Information provided >>
────

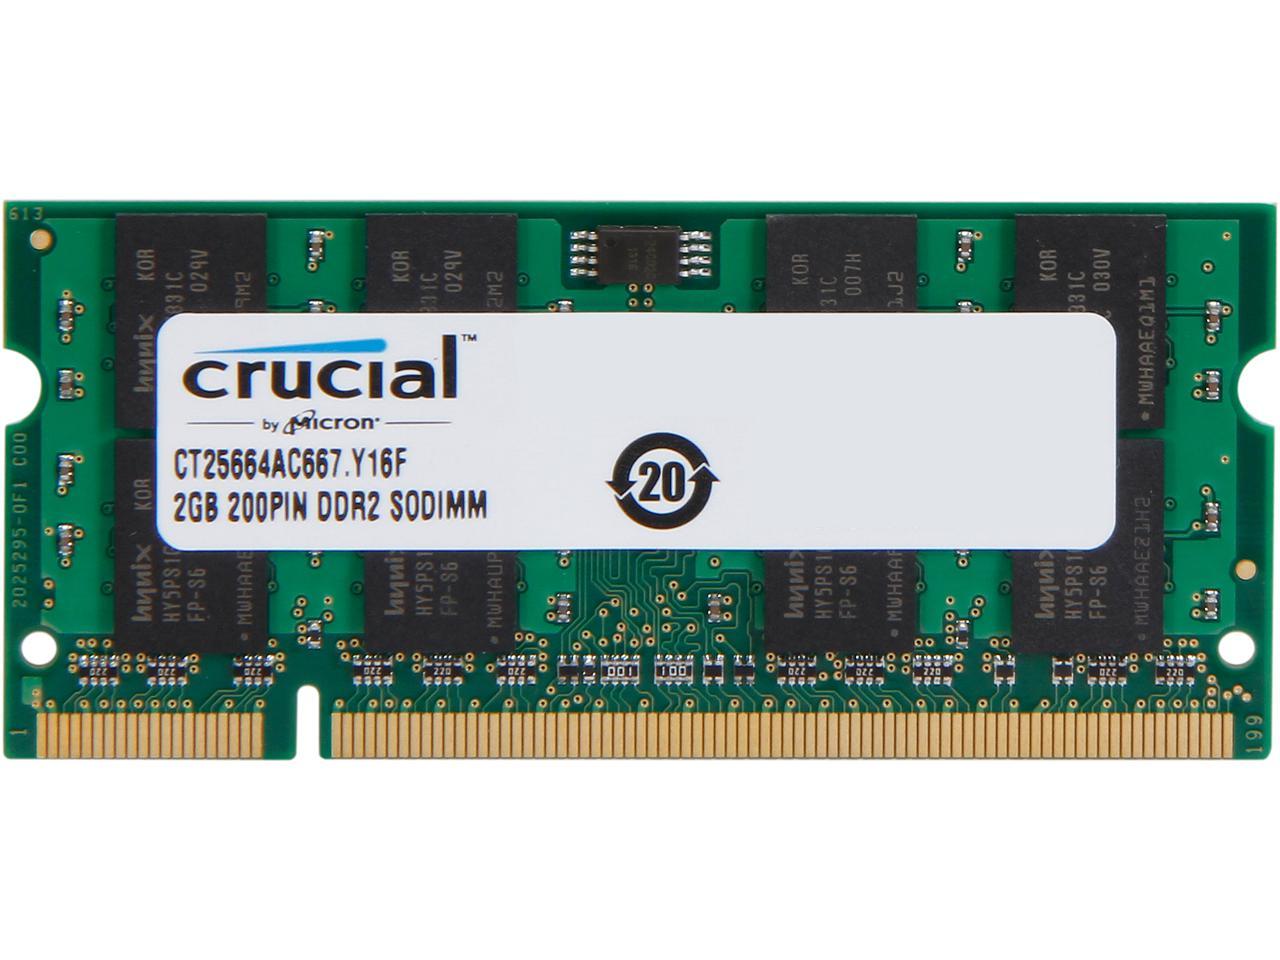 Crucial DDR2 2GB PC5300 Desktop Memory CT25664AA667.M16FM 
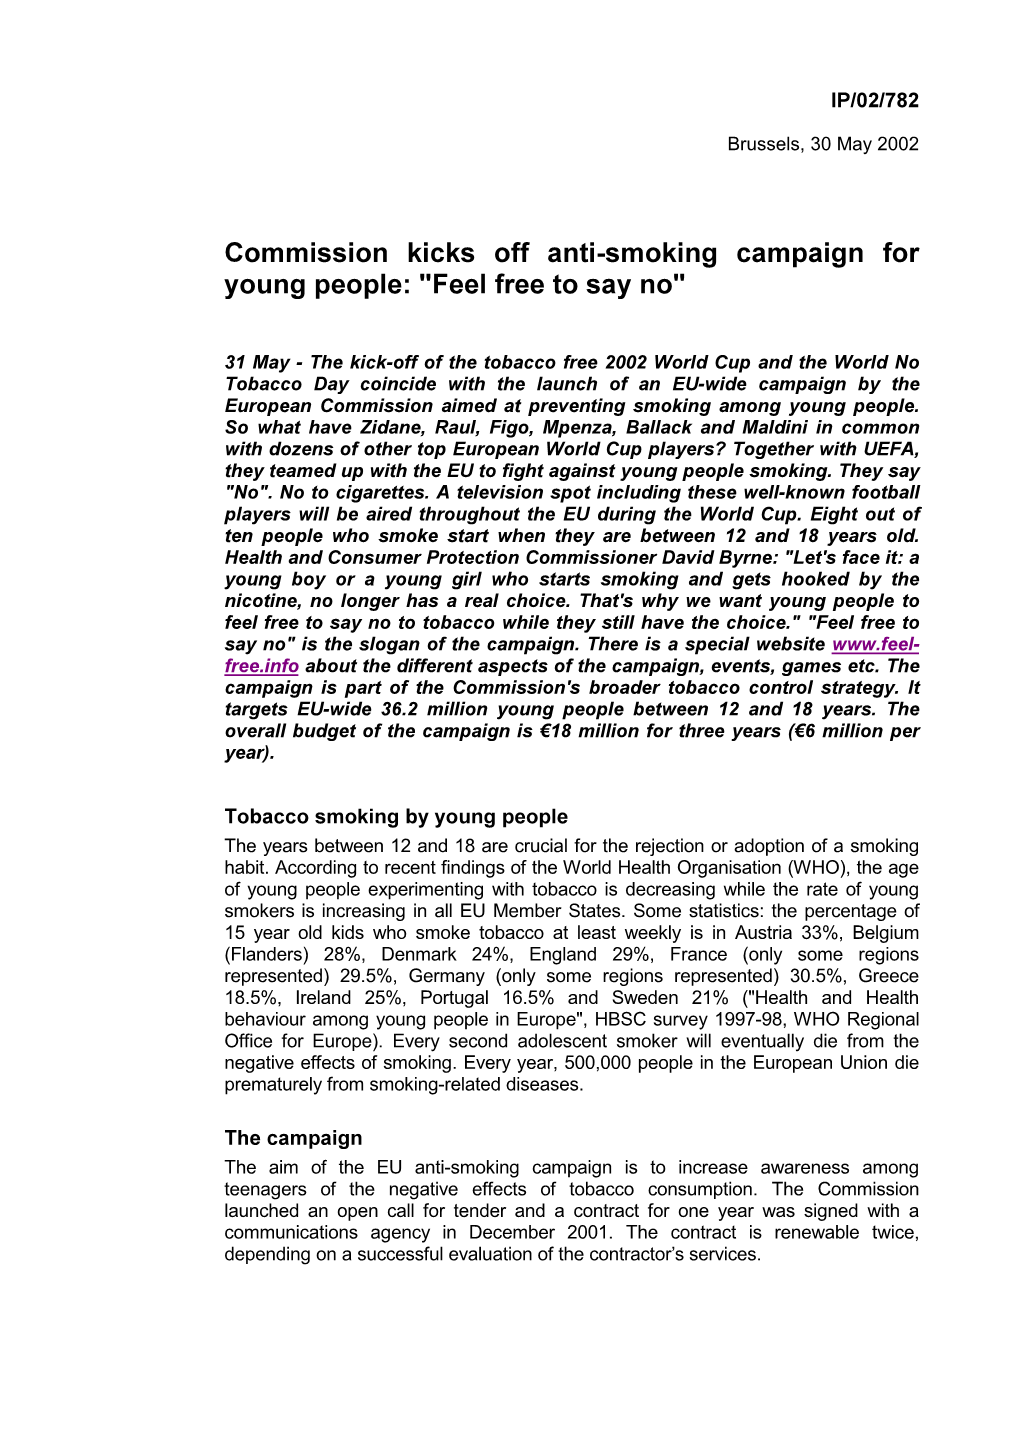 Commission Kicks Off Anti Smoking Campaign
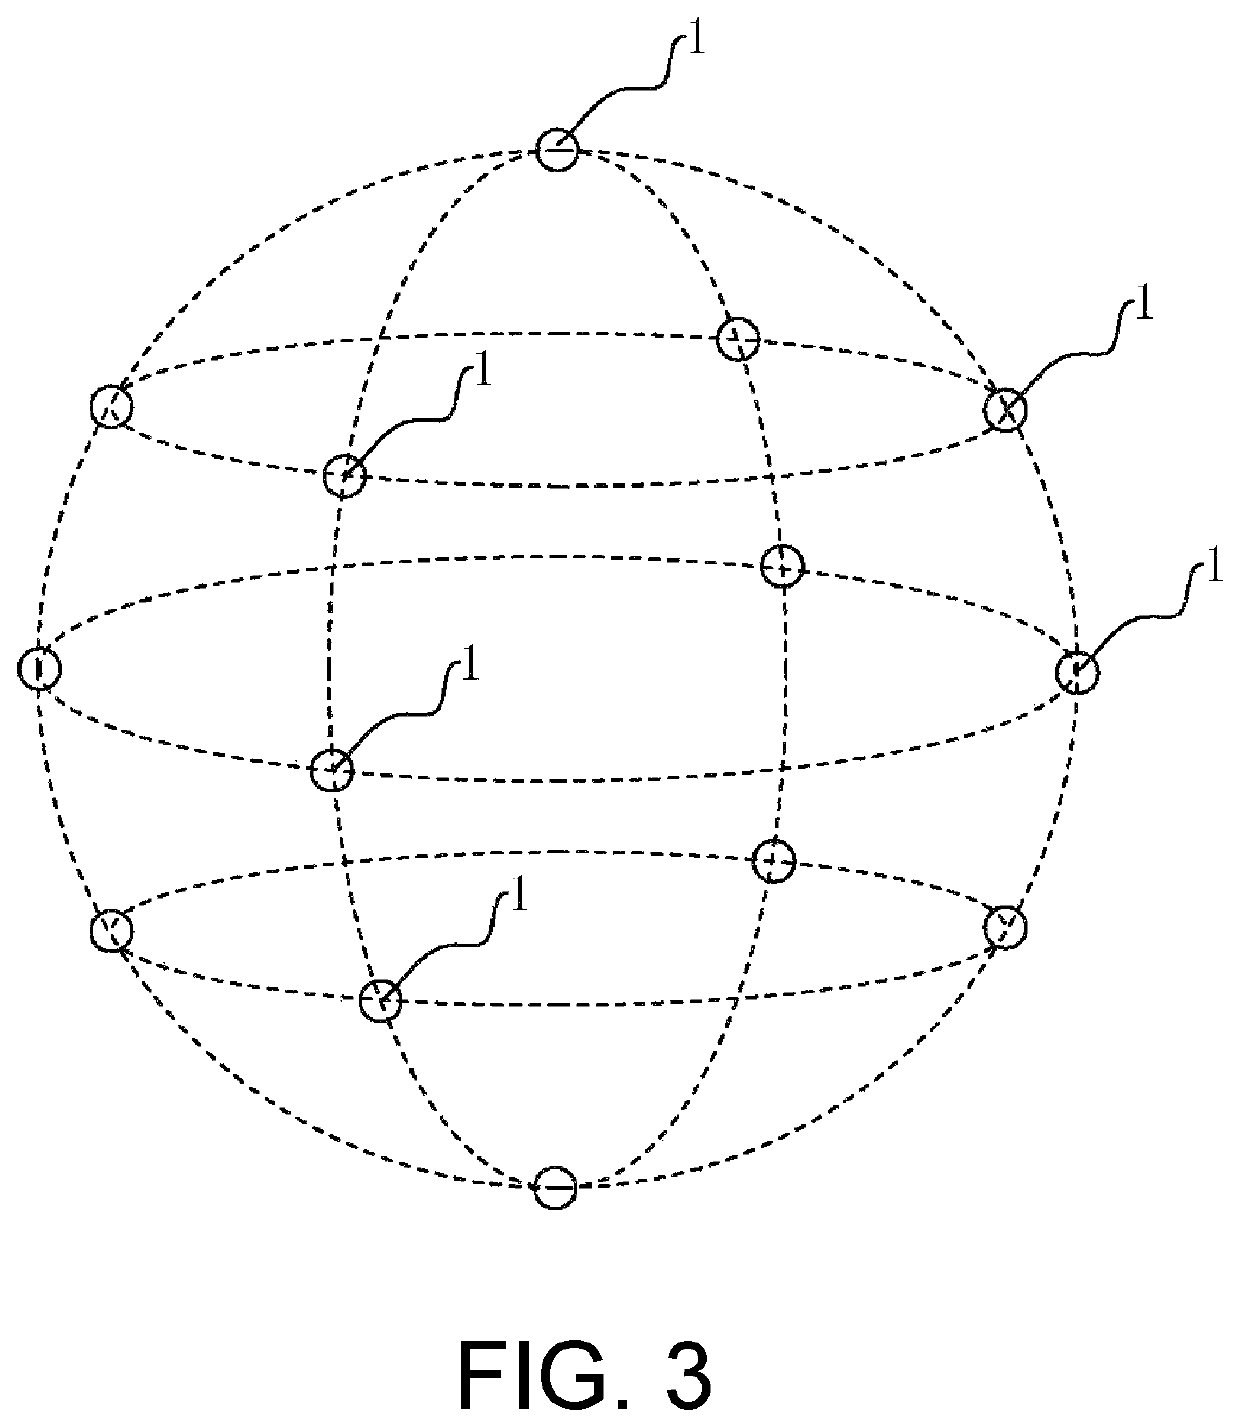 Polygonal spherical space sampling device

────

What the task asks >> Please copy the lines above, starting at the one that holds "Commission Kicks Off Anti Smoking Campaign" and stopping after the last line, exactly as they appear and minus the pictures.

Response >>
 Commission Kicks Off Anti Smoking Campaign
 Polygonal spherical space sampling device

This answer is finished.